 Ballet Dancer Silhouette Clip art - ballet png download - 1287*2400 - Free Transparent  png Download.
* * *
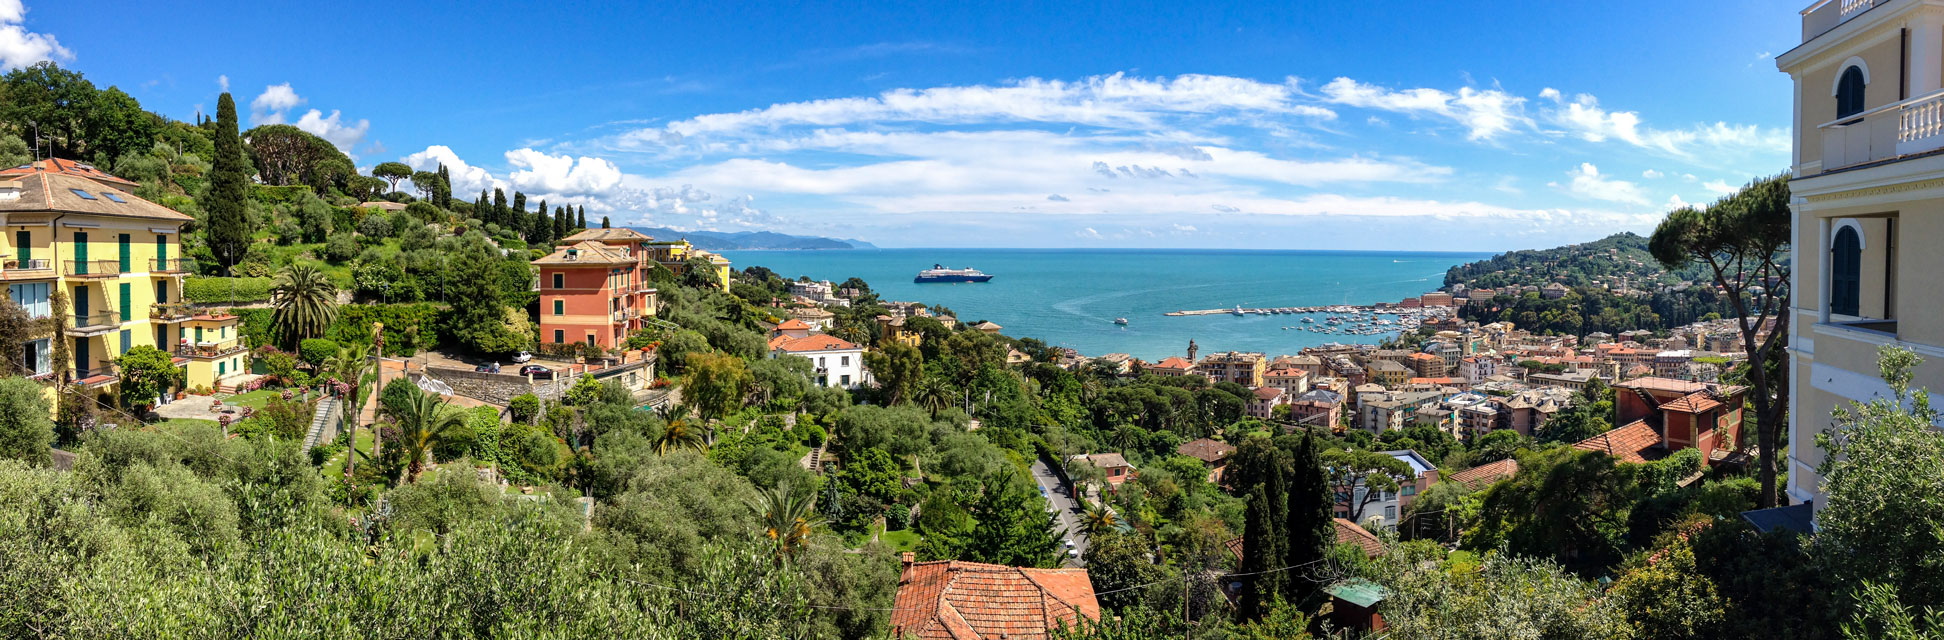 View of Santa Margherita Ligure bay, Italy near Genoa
==
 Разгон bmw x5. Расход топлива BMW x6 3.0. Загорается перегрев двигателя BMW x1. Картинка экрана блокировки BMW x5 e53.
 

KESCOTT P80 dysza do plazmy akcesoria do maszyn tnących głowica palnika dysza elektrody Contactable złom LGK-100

> What to work on
The reply should consist solely of the lines above from the one that has "Разгон bmw x5." through the one that has "KESCOTT P80 dysza", reproduced exactly.

> Written solution
 Разгон bmw x5. Расход топлива BMW x6 3.0. Загорается перегрев двигателя BMW x1. Картинка экрана блокировки BMW x5 e53.
 

KESCOTT P80 dysza do plazmy akcesoria do maszyn tnących głowica palnika dysza elektrody Contactable złom LGK-100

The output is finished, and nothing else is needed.